___ RAW DATA ___

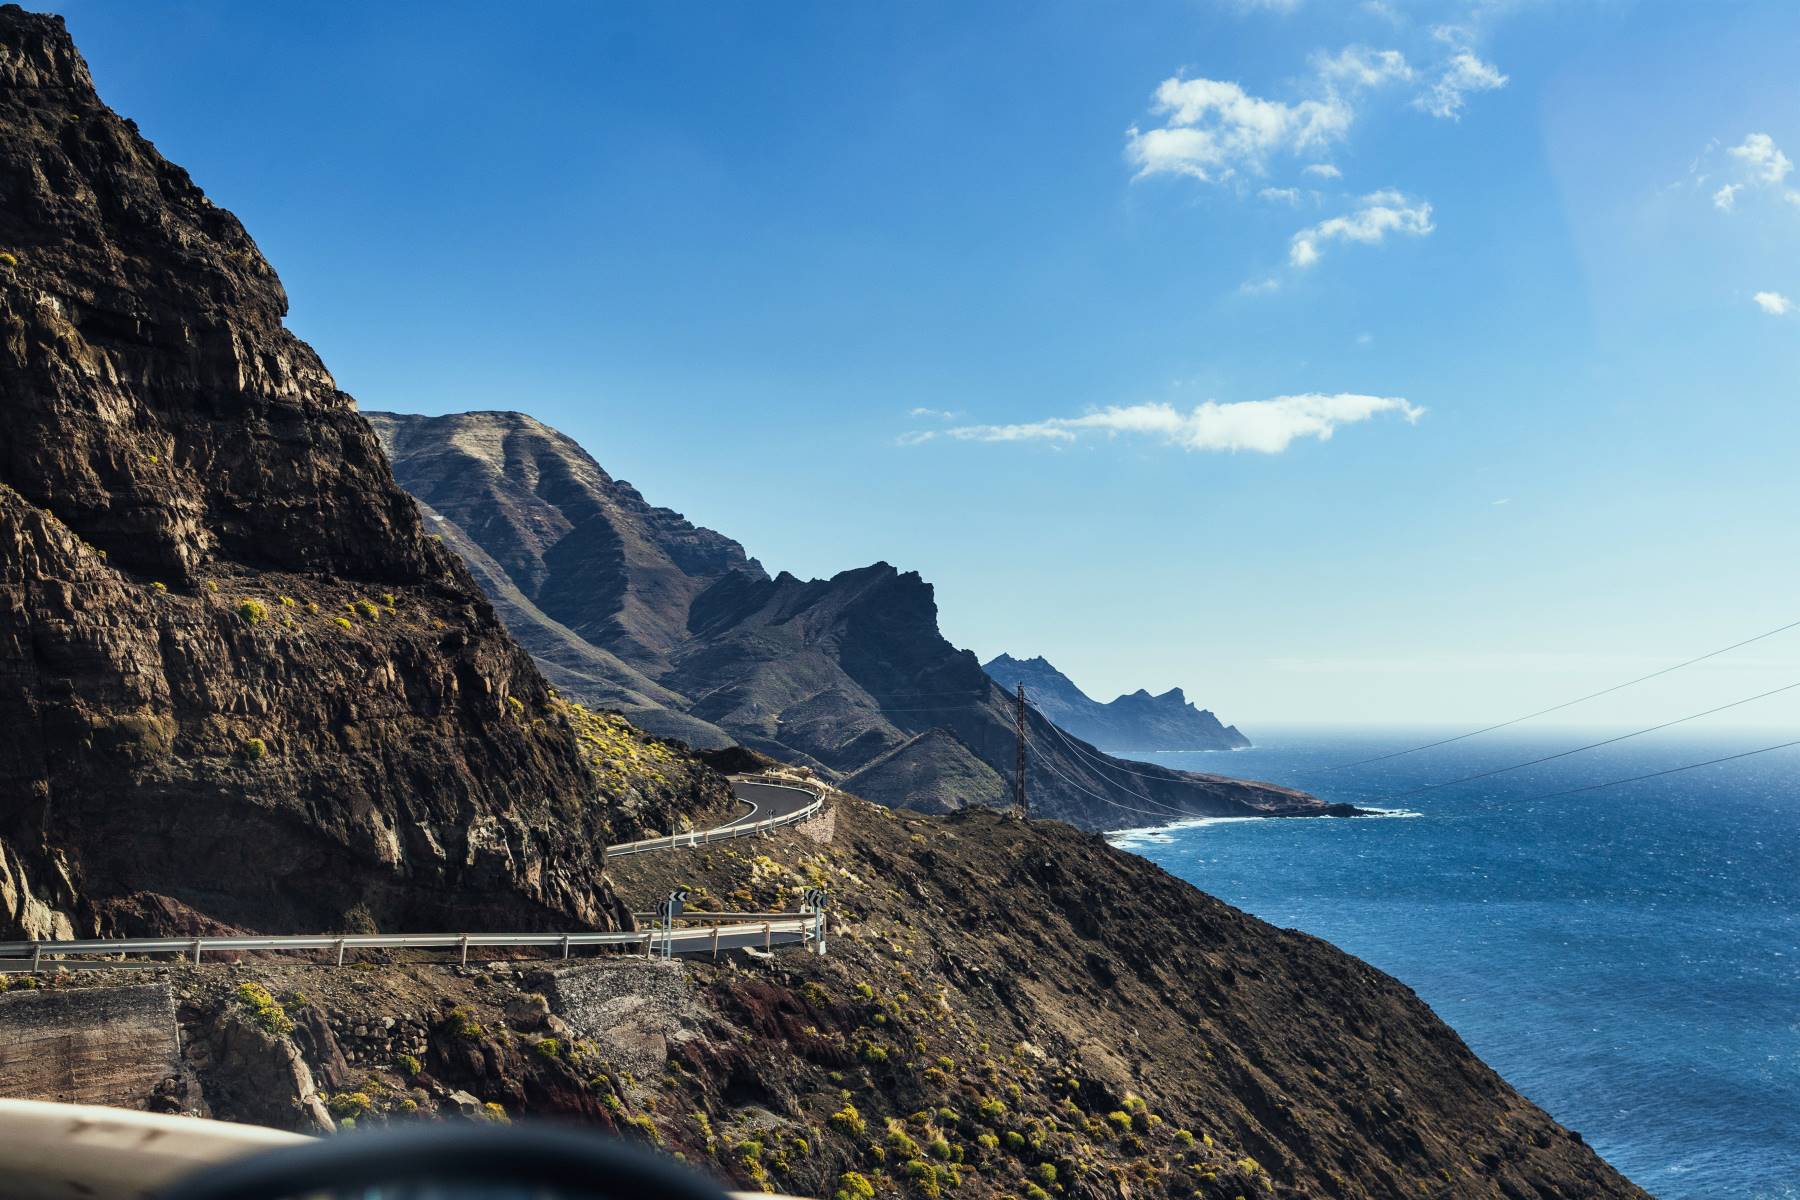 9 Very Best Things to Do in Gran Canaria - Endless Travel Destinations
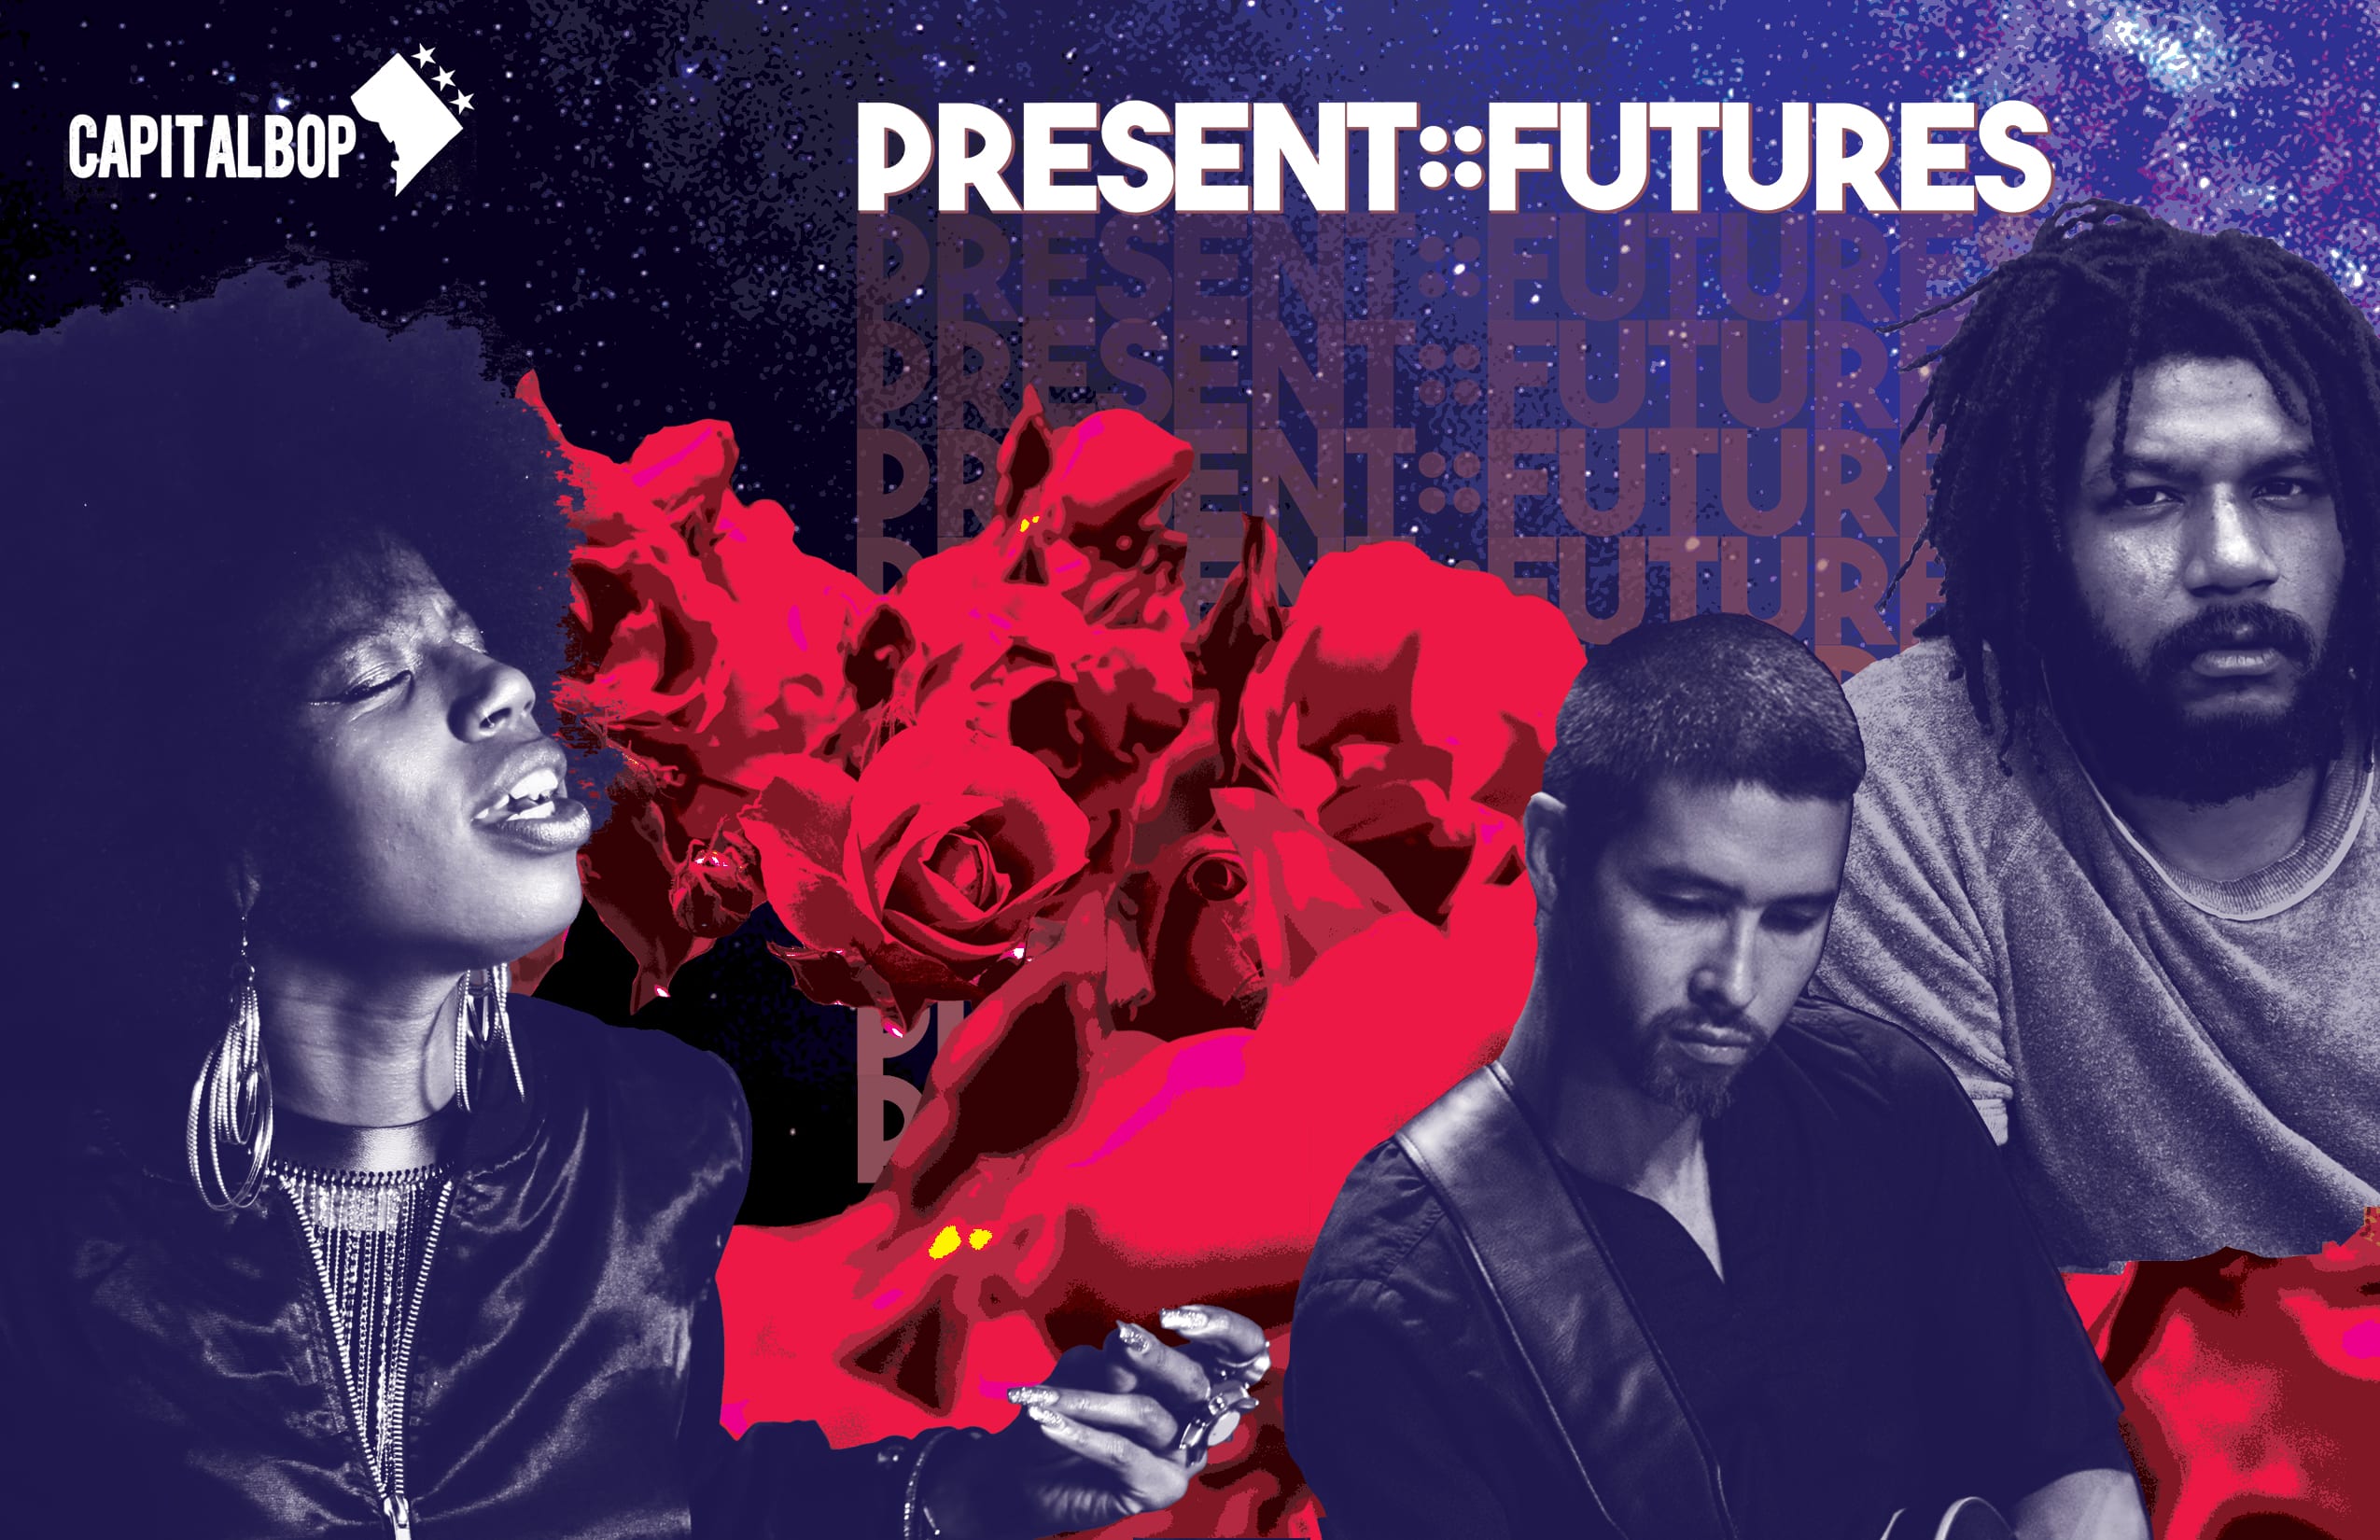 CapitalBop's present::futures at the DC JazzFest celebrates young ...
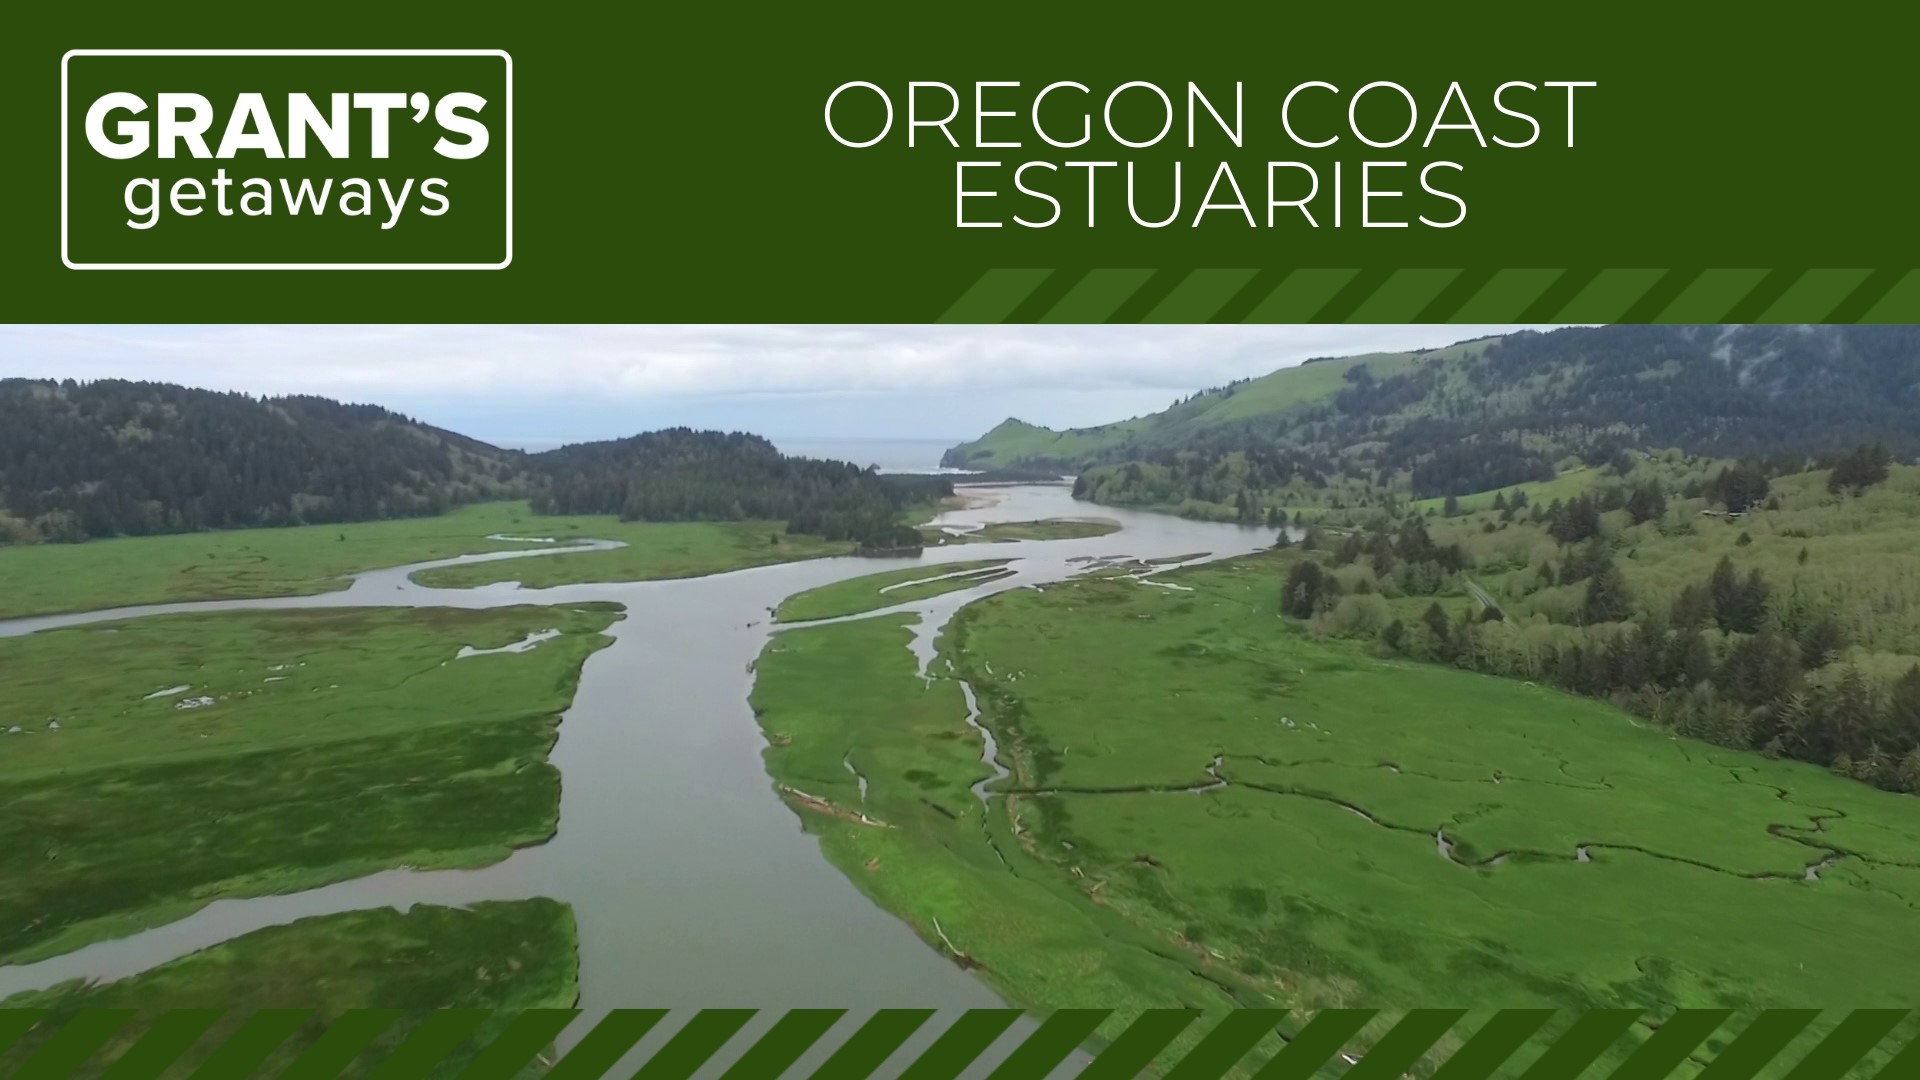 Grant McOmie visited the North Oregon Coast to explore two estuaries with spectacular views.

___

▶ [REQUIREMENT]:
Render the data above verbatim and without pictures.

▶ [SOLUTION]:
 9 Very Best Things to Do in Gran Canaria - Endless Travel Destinations
 CapitalBop's present::futures at the DC JazzFest celebrates young ...
 Grant McOmie visited the North Oregon Coast to explore two estuaries with spectacular views.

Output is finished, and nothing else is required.